- [EXERCISE DESCRIPTION] Your reply must be the number of lines in the entries that hold the word "dial", and nothing else.

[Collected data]
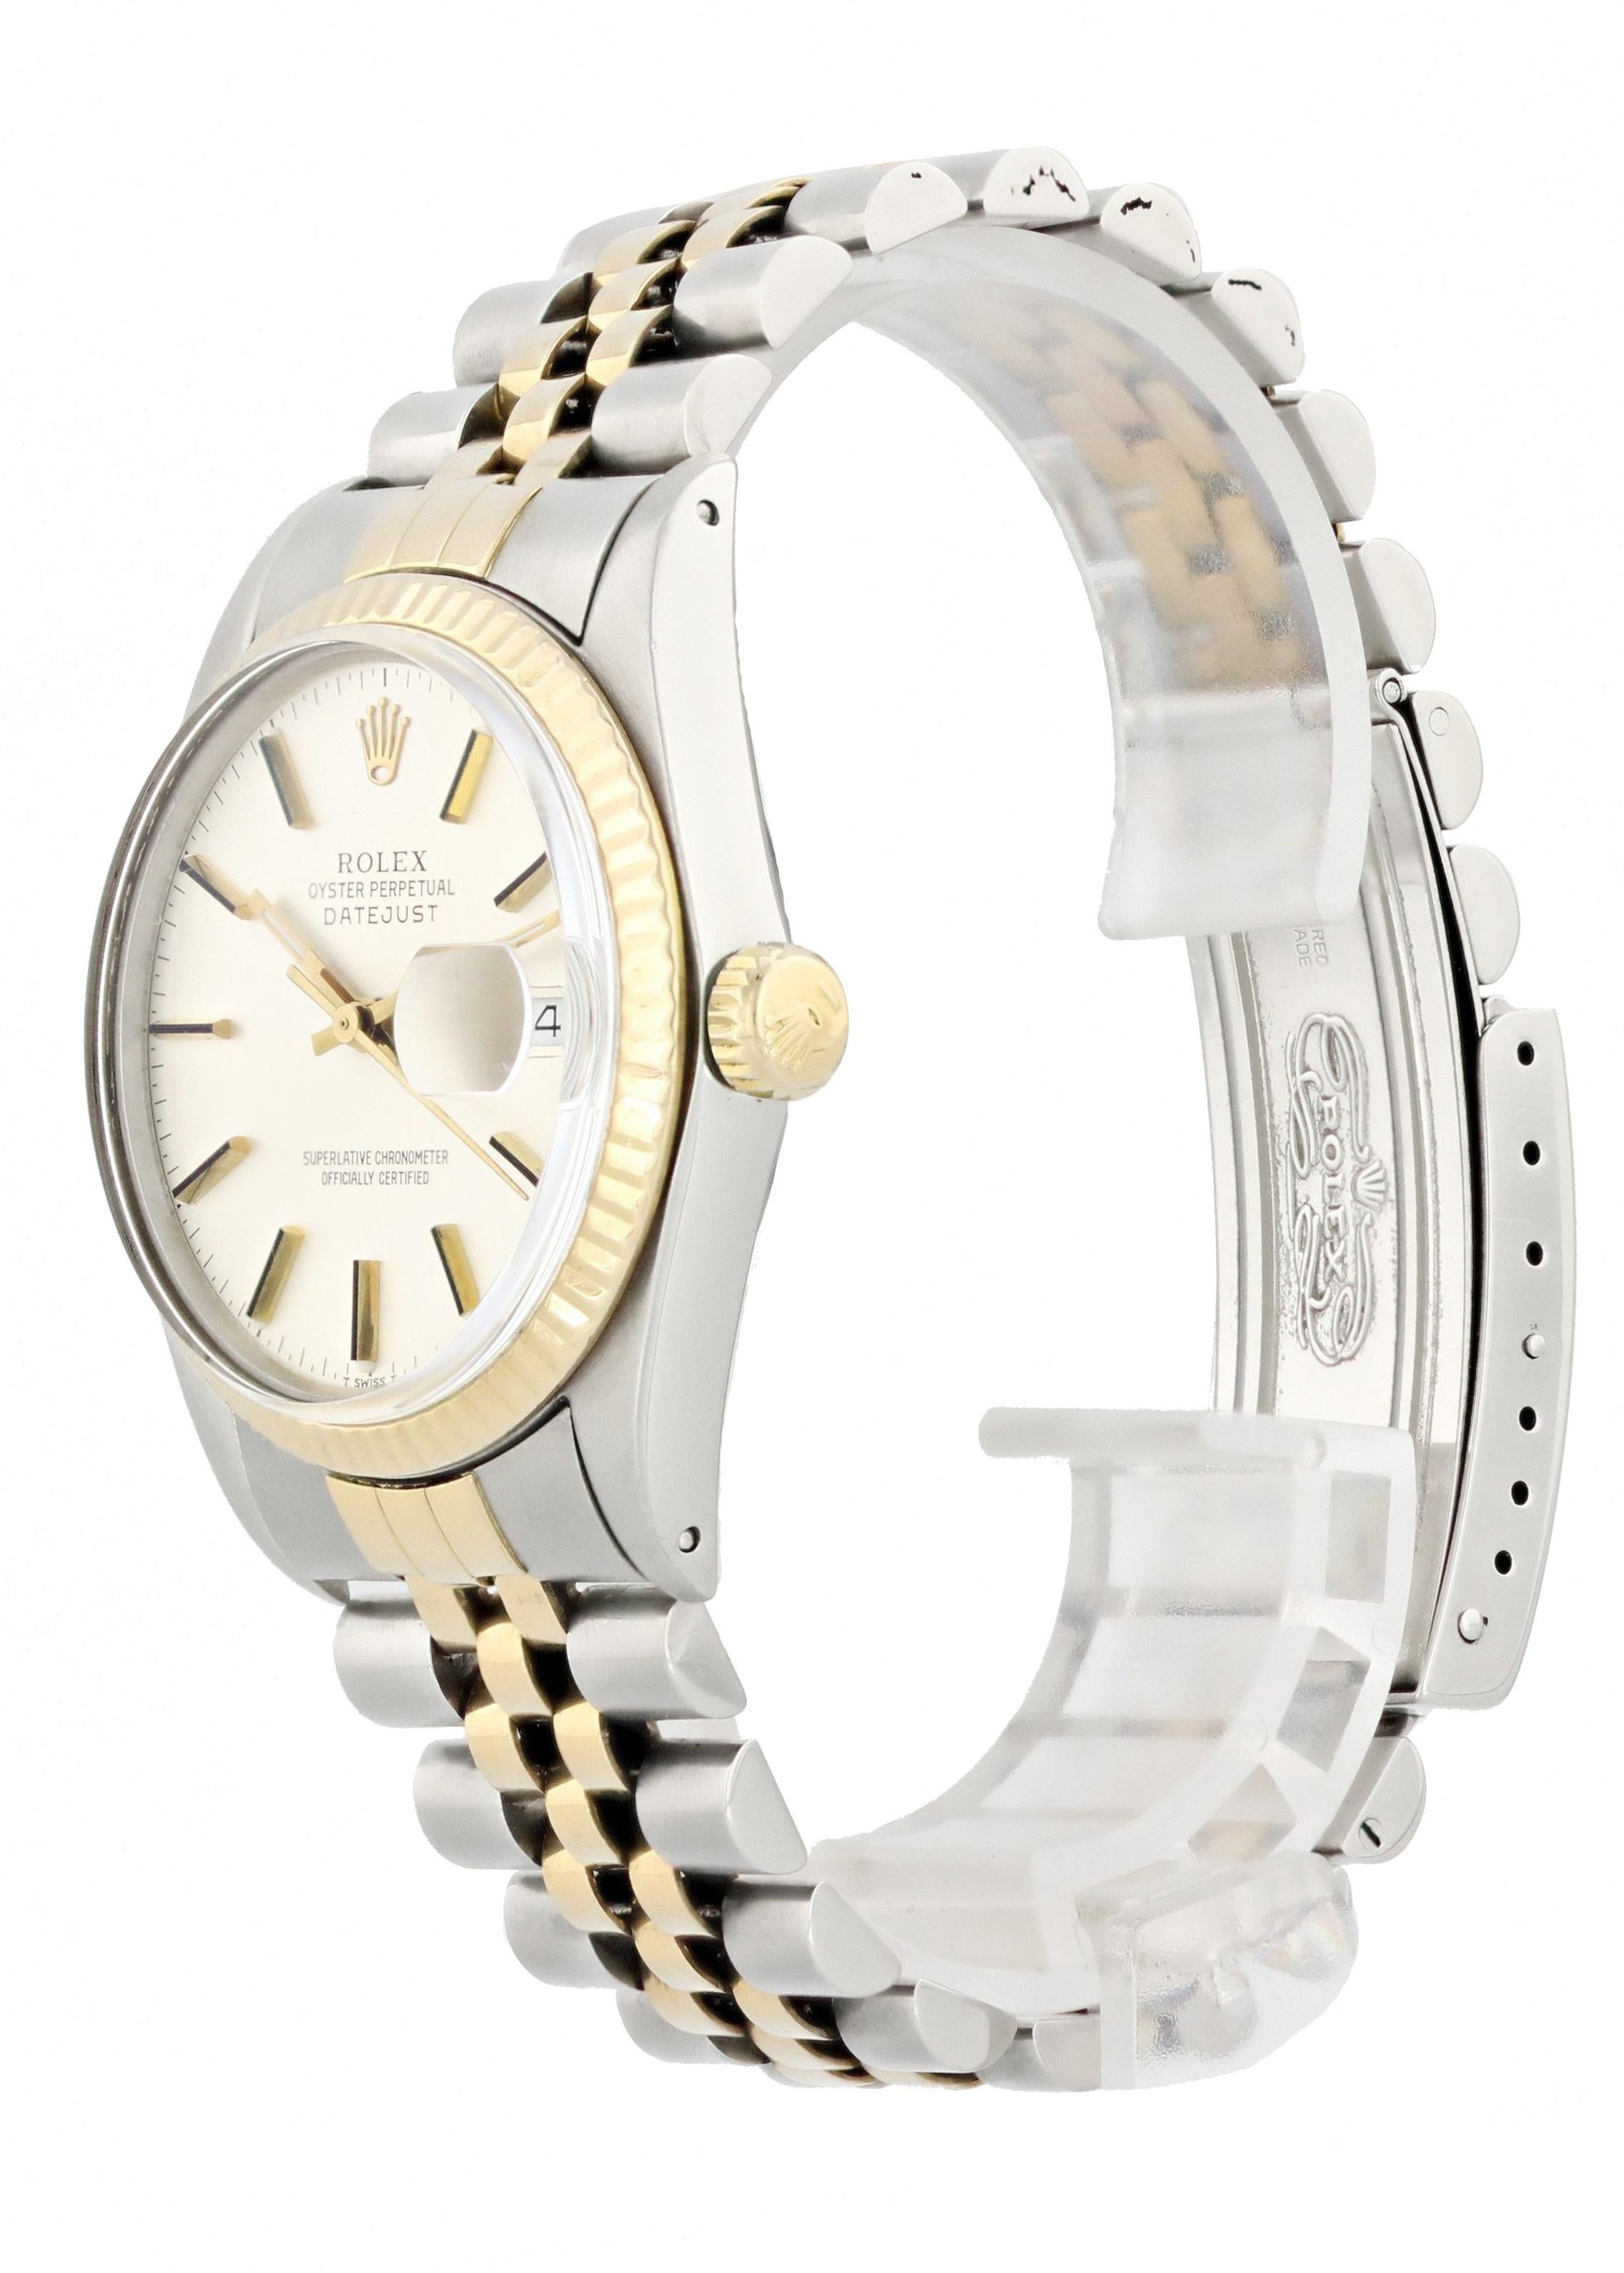 Rolex Datejust 16013 Men Watch. 
36mm Stainless Steel case. 
Yellow Gold Stationary bezel. 
Silver dial with Luminous gold hands and index hour markers. 
Minute markers on the outer dial. 
Date display at the 3 o'clock position. 
Two Tone Stainless

- [RESULT OF THIS EXERCISE] 2